Location Data Services

Introduction

CARTOframes provides the functionality to use the CARTO Data Services API. This API consists of a set of location-based functions that can be applied to your data to perform geospatial analyses without leaving the context of your notebook.

For instance, you can geocode a pandas DataFrame with addresses on the fly, and then perform a trade areas analysis by computing isodistances or isochrones programmatically.

Given a set of ten simulated Starbucks store addresses, this guide walks through the use case of finding good location candidates to open an additional store.

Based on your account plan, some of these location data services are subject to different quota limitations

Data

This guide uses the same dataset of simulated Starbucks locations that has been used in the other guides and can be downloaded here.

Authentication

Using Location Data Services requires to be authenticated.

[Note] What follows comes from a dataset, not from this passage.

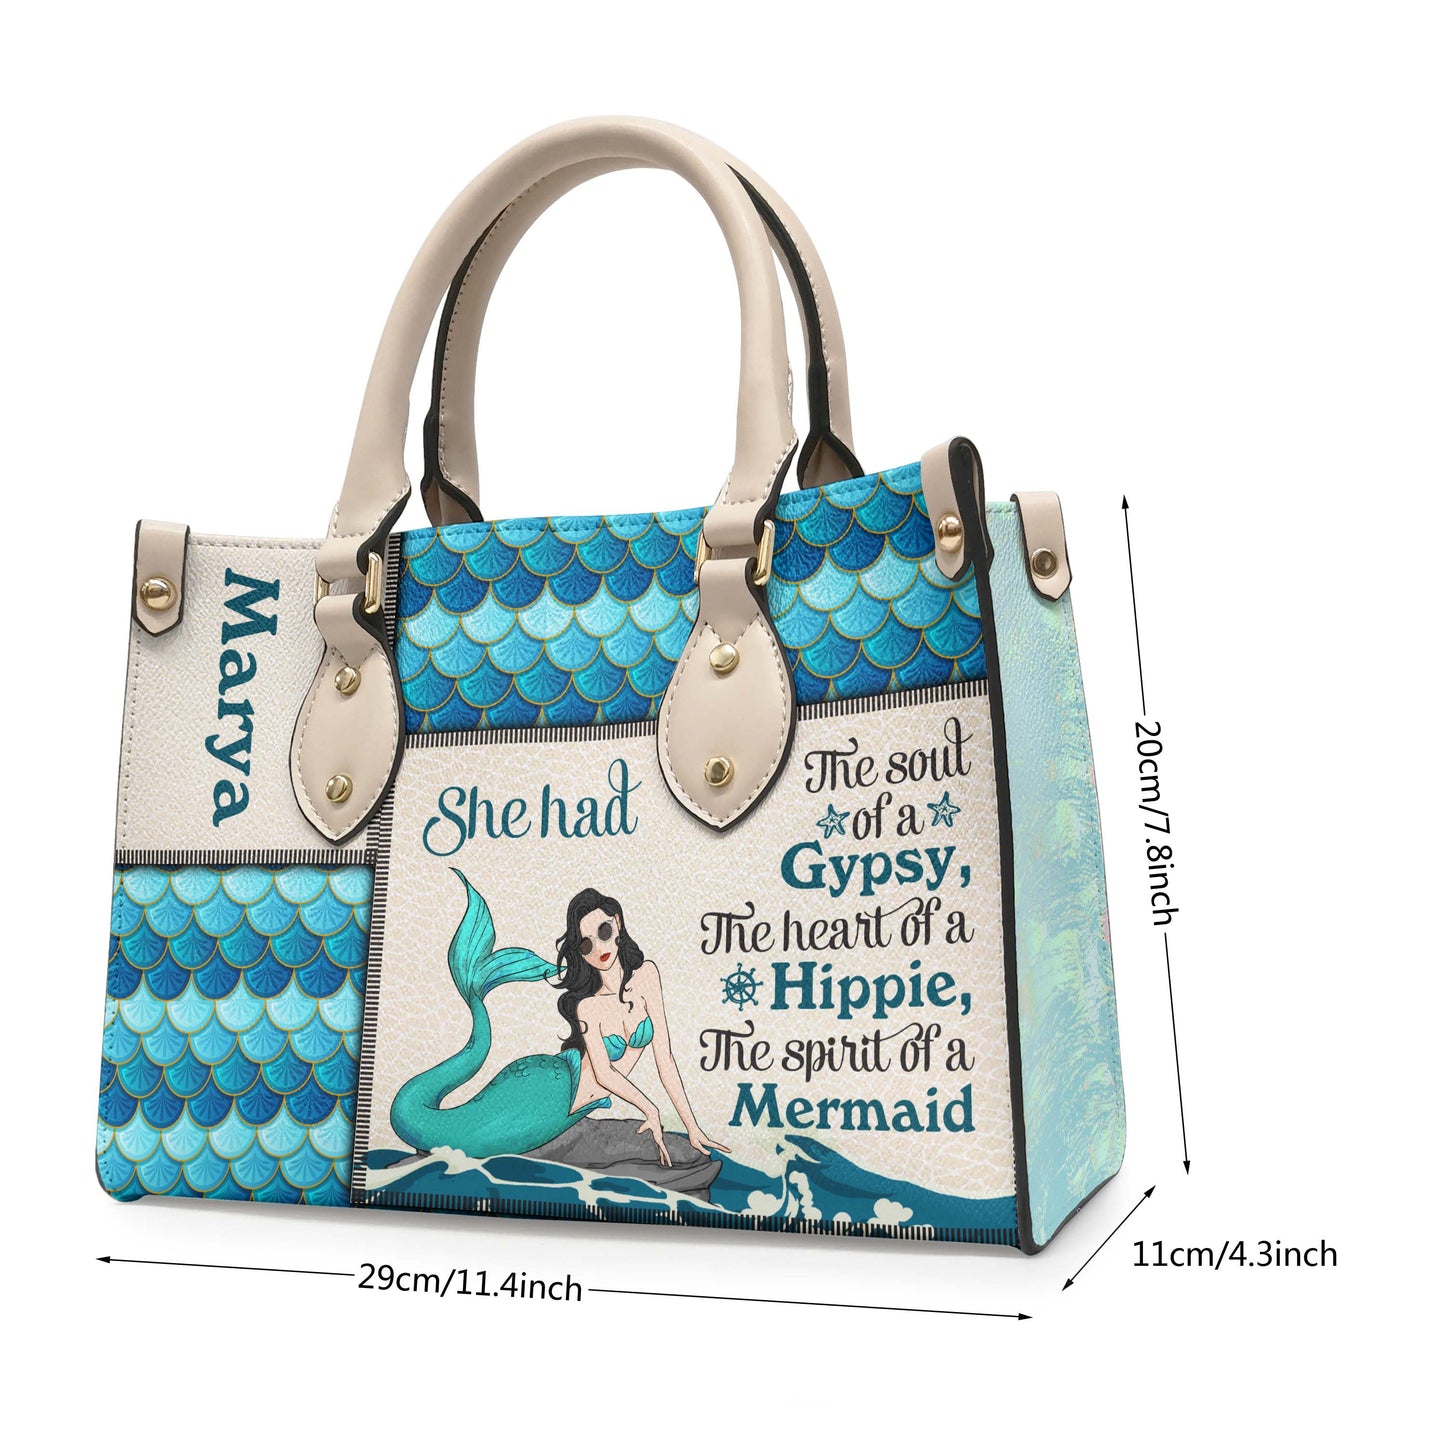 She Had The Spirit Of A Mermaid - Personalized Leather Bag - Birthday, Loving Gift For Her, Ocean Lover, Mermaid Girl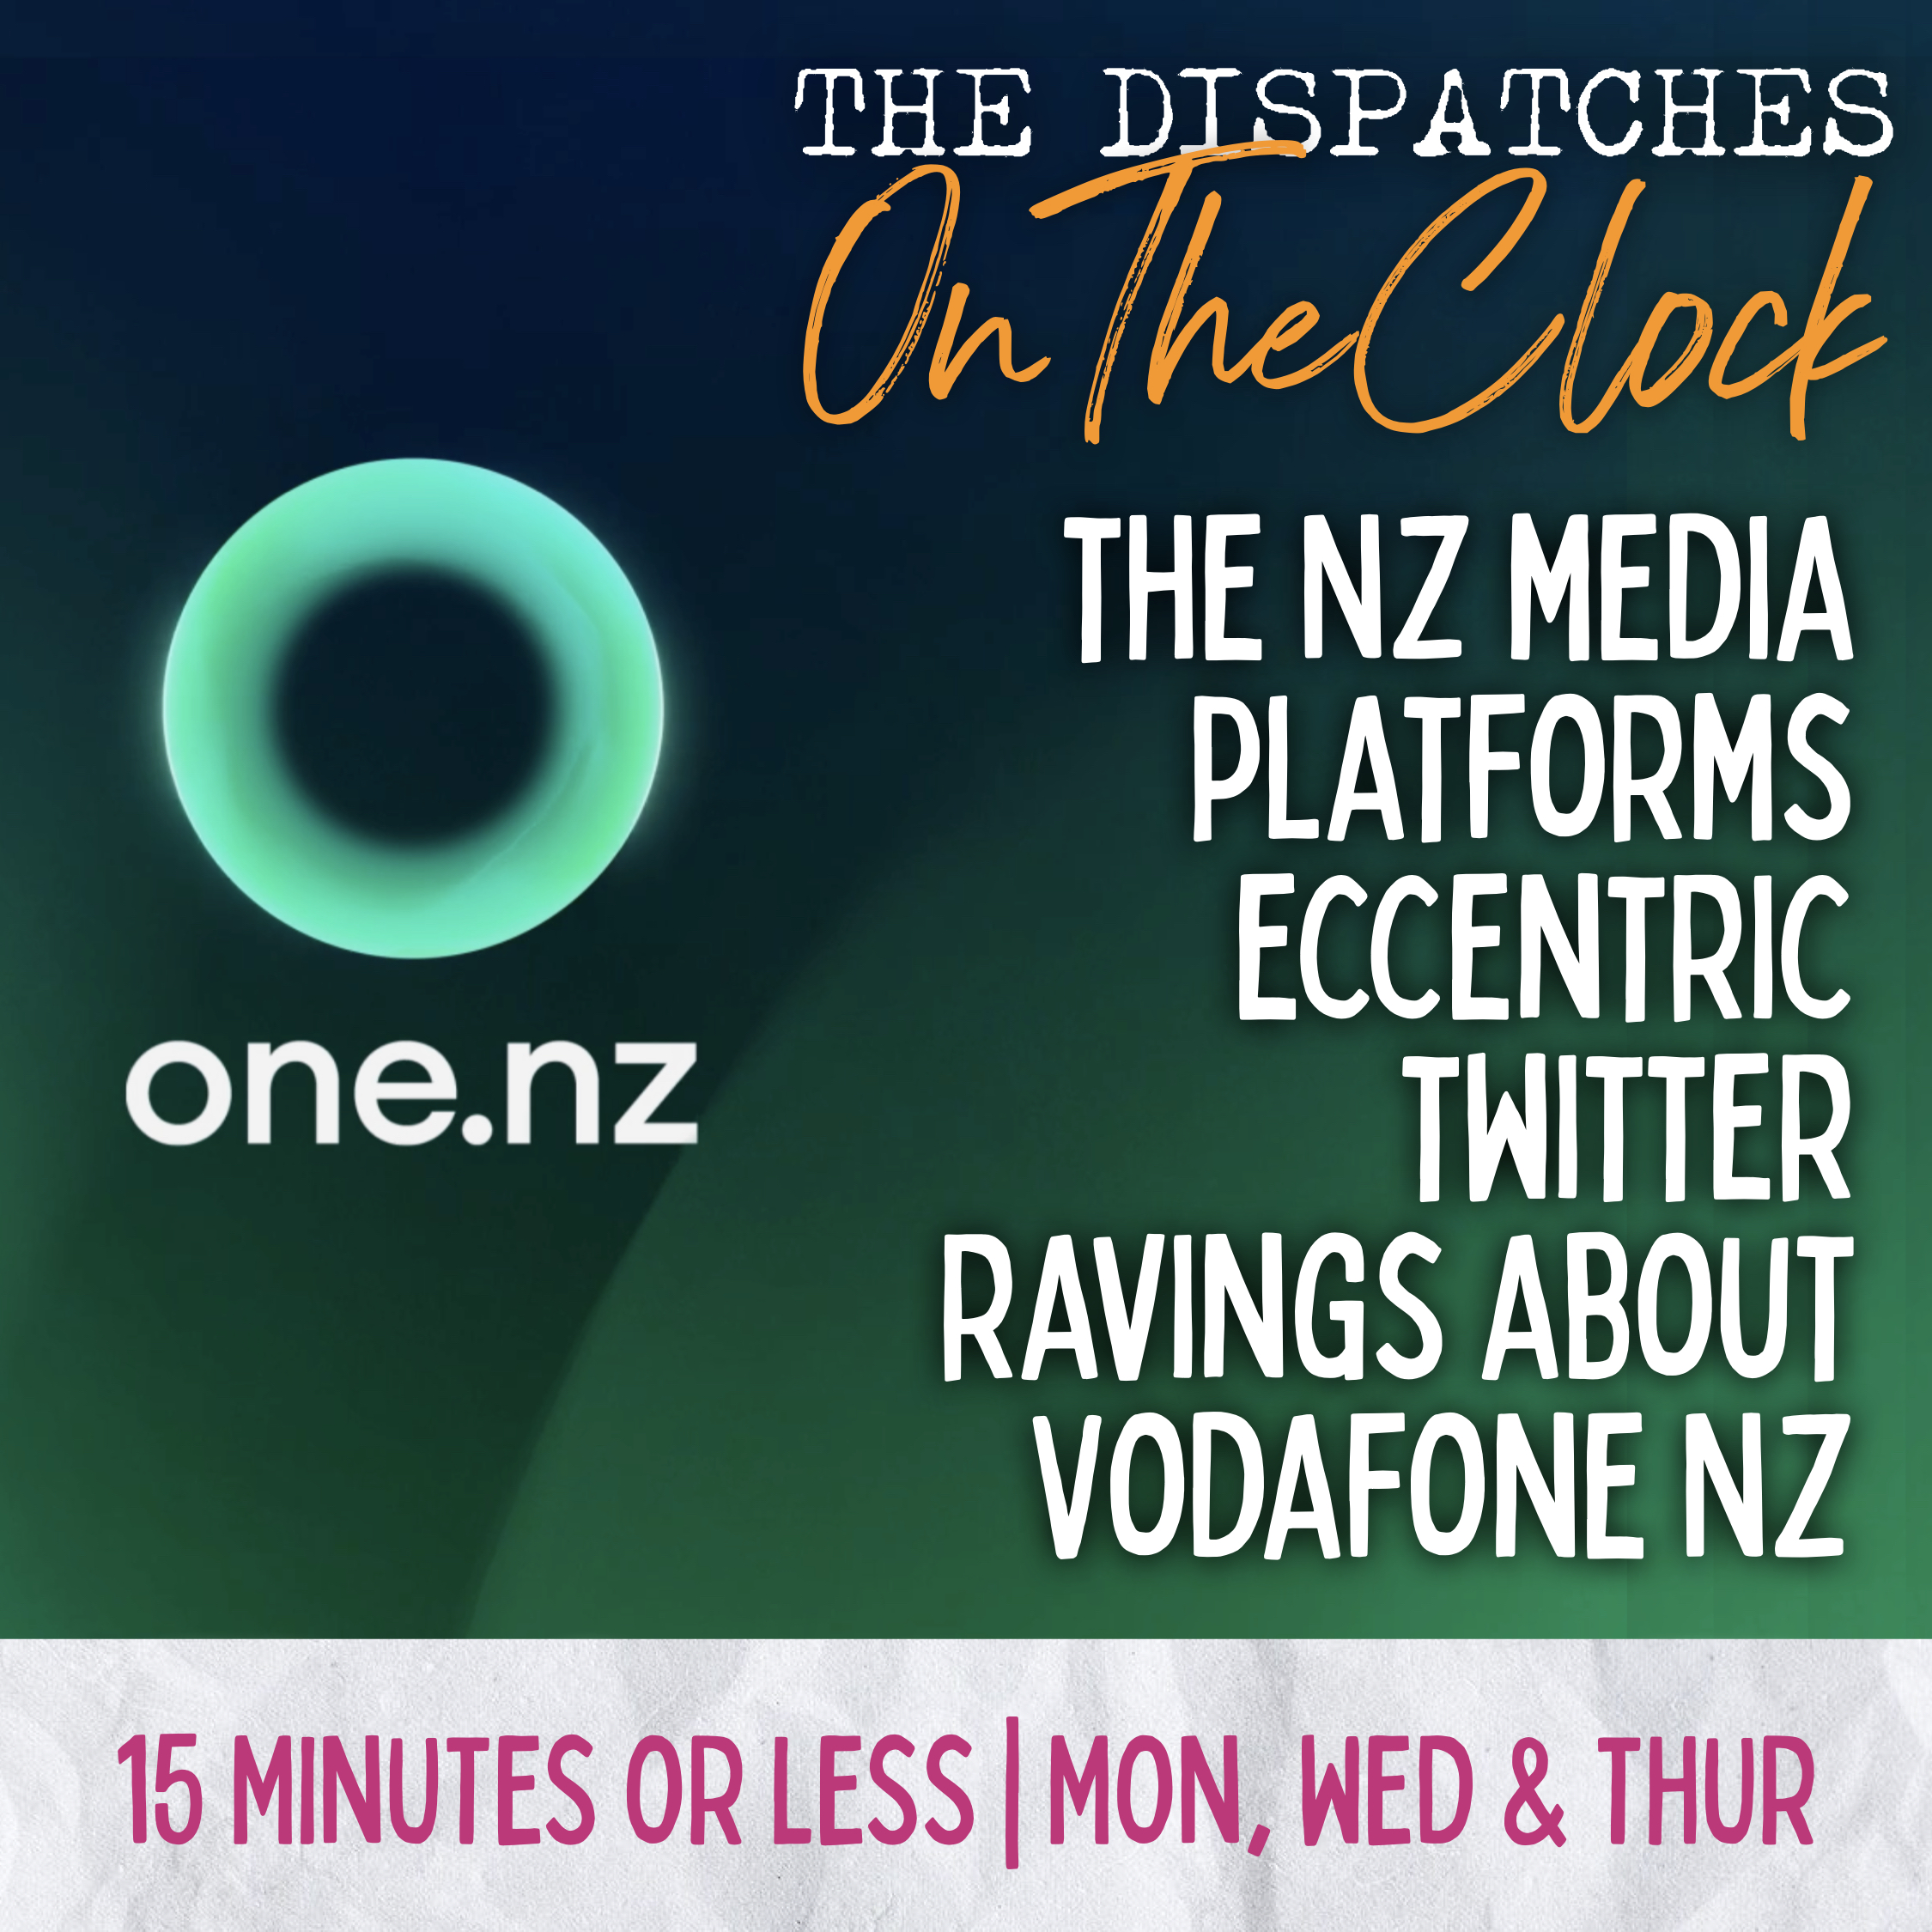 ON THE CLOCK | The NZ Media Platforms Absurd Twitter Accusations Against Vodafone

For more information about how to authenticate, please read the Login to CARTO Platform guide


In [1]:
from cartoframes.auth import Credentials, set_default_credentials

set_default_credentials('creds.json')

Geocoding

To get started, let's read in and explore the Starbucks location data we have. With the Starbucks store data in a DataFrame, we can see that there are two columns that can be used in the geocoding service: name and address. There's also a third column that reflects the annual revenue of the store.


In [2]:
import pandas as pd

df = pd.read_csv('http://libs.cartocdn.com/cartoframes/files/starbucks_brooklyn.csv')
df


Out[2]:
name address revenue
0 Franklin Ave & Eastern Pkwy 341 Eastern Pkwy,Brooklyn, NY 11238 1.321041e+06
1 607 Brighton Beach Ave 607 Brighton Beach Avenue,Brooklyn, NY 11235 1.268080e+06
2 65th St & 18th Ave 6423 18th Avenue,Brooklyn, NY 11204 1.248134e+06
3 Bay Ridge Pkwy & 3rd Ave 7419 3rd Avenue,Brooklyn, NY 11209 1.185703e+06
4 Caesar's Bay Shopping Center 8973 Bay Parkway,Brooklyn, NY 11214 1.148427e+06
5 Court St & Dean St 167 Court Street,Brooklyn, NY 11201 1.144067e+06
6 Target Gateway T-1401 519 Gateway Dr,Brooklyn, NY 11239 1.021083e+06
7 3rd Ave & 92nd St 9202 Third Avenue,Brooklyn, NY 11209 9.257073e+05
8 Lam Group @ Sheraton Brooklyn 228 Duffield st,Brooklyn, NY 11201 7.657935e+05
9 33-42 Hillel Place 33-42 Hillel Place,Brooklyn, NY 11210 7.492163e+05

Quota consumption

Each time you run Location Data Services, you consume quota. For this reason, we provide the ability to check in advance the amount of credits an operation will consume by using the dry_run parameter when running the service function.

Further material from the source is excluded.